* INSTRUCTIONS TO FOLLOW *
Each entry below should be printed exactly as given.

***** RECORD EXTRACTS

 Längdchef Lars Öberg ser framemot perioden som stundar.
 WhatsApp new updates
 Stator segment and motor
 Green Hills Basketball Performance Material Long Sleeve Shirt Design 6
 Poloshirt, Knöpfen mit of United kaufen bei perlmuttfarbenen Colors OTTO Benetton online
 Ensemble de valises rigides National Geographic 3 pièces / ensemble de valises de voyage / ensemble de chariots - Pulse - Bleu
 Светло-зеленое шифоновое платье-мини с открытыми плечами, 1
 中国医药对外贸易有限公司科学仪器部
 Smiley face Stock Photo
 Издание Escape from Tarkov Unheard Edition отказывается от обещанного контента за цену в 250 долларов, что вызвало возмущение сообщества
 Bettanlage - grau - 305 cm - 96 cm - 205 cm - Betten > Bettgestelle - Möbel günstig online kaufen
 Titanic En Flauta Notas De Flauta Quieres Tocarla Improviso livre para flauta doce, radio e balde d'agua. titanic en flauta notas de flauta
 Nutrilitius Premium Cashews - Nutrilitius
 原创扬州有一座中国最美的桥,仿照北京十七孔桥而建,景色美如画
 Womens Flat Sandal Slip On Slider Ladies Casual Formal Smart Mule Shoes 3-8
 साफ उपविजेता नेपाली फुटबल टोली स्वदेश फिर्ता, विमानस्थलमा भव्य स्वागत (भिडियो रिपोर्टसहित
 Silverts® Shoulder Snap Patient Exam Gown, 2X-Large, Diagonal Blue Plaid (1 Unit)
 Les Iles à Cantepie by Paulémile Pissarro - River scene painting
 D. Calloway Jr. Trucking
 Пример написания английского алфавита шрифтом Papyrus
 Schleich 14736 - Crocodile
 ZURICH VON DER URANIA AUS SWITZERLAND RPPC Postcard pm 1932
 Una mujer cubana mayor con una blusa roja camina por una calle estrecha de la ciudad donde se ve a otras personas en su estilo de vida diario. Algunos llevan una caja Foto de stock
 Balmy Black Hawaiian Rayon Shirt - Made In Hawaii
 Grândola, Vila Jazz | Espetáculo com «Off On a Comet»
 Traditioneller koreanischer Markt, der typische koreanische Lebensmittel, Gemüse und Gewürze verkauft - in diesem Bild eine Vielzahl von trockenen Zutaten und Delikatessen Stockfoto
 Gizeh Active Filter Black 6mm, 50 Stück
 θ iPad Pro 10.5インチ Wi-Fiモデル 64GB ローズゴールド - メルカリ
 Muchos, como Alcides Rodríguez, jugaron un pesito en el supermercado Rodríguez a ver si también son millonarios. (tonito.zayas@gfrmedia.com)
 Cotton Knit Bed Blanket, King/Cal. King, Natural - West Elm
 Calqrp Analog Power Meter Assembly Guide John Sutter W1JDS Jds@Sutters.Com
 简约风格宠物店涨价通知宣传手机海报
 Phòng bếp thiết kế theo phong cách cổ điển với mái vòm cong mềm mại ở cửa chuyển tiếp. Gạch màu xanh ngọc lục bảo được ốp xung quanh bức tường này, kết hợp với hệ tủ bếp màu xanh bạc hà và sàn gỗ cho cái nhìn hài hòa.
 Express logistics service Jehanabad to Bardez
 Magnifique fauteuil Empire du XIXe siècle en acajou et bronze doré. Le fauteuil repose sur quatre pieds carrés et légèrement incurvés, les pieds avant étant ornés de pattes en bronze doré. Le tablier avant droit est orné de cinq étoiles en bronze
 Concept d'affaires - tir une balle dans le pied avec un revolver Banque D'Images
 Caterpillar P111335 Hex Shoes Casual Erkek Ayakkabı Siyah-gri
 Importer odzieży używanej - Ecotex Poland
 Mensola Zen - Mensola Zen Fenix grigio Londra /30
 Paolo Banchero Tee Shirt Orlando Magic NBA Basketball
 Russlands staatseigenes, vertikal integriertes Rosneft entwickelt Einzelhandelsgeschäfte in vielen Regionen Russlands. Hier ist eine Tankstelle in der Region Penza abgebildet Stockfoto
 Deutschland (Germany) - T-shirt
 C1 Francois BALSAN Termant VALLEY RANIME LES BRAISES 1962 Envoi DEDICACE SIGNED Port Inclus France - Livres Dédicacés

**********

* ANSWER TO THE PROBLEM *
 Längdchef Lars Öberg ser framemot perioden som stundar.
 WhatsApp new updates
 Stator segment and motor
 Green Hills Basketball Performance Material Long Sleeve Shirt Design 6
 Poloshirt, Knöpfen mit of United kaufen bei perlmuttfarbenen Colors OTTO Benetton online
 Ensemble de valises rigides National Geographic 3 pièces / ensemble de valises de voyage / ensemble de chariots - Pulse - Bleu
 Светло-зеленое шифоновое платье-мини с открытыми плечами, 1
 中国医药对外贸易有限公司科学仪器部
 Smiley face Stock Photo
 Издание Escape from Tarkov Unheard Edition отказывается от обещанного контента за цену в 250 долларов, что вызвало возмущение сообщества
 Bettanlage - grau - 305 cm - 96 cm - 205 cm - Betten > Bettgestelle - Möbel günstig online kaufen
 Titanic En Flauta Notas De Flauta Quieres Tocarla Improviso livre para flauta doce, radio e balde d'agua. titanic en flauta notas de flauta
 Nutrilitius Premium Cashews - Nutrilitius
 原创扬州有一座中国最美的桥,仿照北京十七孔桥而建,景色美如画
 Womens Flat Sandal Slip On Slider Ladies Casual Formal Smart Mule Shoes 3-8
 साफ उपविजेता नेपाली फुटबल टोली स्वदेश फिर्ता, विमानस्थलमा भव्य स्वागत (भिडियो रिपोर्टसहित
 Silverts® Shoulder Snap Patient Exam Gown, 2X-Large, Diagonal Blue Plaid (1 Unit)
 Les Iles à Cantepie by Paulémile Pissarro - River scene painting
 D. Calloway Jr. Trucking
 Пример написания английского алфавита шрифтом Papyrus
 Schleich 14736 - Crocodile
 ZURICH VON DER URANIA AUS SWITZERLAND RPPC Postcard pm 1932
 Una mujer cubana mayor con una blusa roja camina por una calle estrecha de la ciudad donde se ve a otras personas en su estilo de vida diario. Algunos llevan una caja Foto de stock
 Balmy Black Hawaiian Rayon Shirt - Made In Hawaii
 Grândola, Vila Jazz | Espetáculo com «Off On a Comet»
 Traditioneller koreanischer Markt, der typische koreanische Lebensmittel, Gemüse und Gewürze verkauft - in diesem Bild eine Vielzahl von trockenen Zutaten und Delikatessen Stockfoto
 Gizeh Active Filter Black 6mm, 50 Stück
 θ iPad Pro 10.5インチ Wi-Fiモデル 64GB ローズゴールド - メルカリ
 Muchos, como Alcides Rodríguez, jugaron un pesito en el supermercado Rodríguez a ver si también son millonarios. (tonito.zayas@gfrmedia.com)
 Cotton Knit Bed Blanket, King/Cal. King, Natural - West Elm
 Calqrp Analog Power Meter Assembly Guide John Sutter W1JDS Jds@Sutters.Com
 简约风格宠物店涨价通知宣传手机海报
 Phòng bếp thiết kế theo phong cách cổ điển với mái vòm cong mềm mại ở cửa chuyển tiếp. Gạch màu xanh ngọc lục bảo được ốp xung quanh bức tường này, kết hợp với hệ tủ bếp màu xanh bạc hà và sàn gỗ cho cái nhìn hài hòa.
 Express logistics service Jehanabad to Bardez
 Magnifique fauteuil Empire du XIXe siècle en acajou et bronze doré. Le fauteuil repose sur quatre pieds carrés et légèrement incurvés, les pieds avant étant ornés de pattes en bronze doré. Le tablier avant droit est orné de cinq étoiles en bronze
 Concept d'affaires - tir une balle dans le pied avec un revolver Banque D'Images
 Caterpillar P111335 Hex Shoes Casual Erkek Ayakkabı Siyah-gri
 Importer odzieży używanej - Ecotex Poland
 Mensola Zen - Mensola Zen Fenix grigio Londra /30
 Paolo Banchero Tee Shirt Orlando Magic NBA Basketball
 Russlands staatseigenes, vertikal integriertes Rosneft entwickelt Einzelhandelsgeschäfte in vielen Regionen Russlands. Hier ist eine Tankstelle in der Region Penza abgebildet Stockfoto
 Deutschland (Germany) - T-shirt
 C1 Francois BALSAN Termant VALLEY RANIME LES BRAISES 1962 Envoi DEDICACE SIGNED Port Inclus France - Livres Dédicacés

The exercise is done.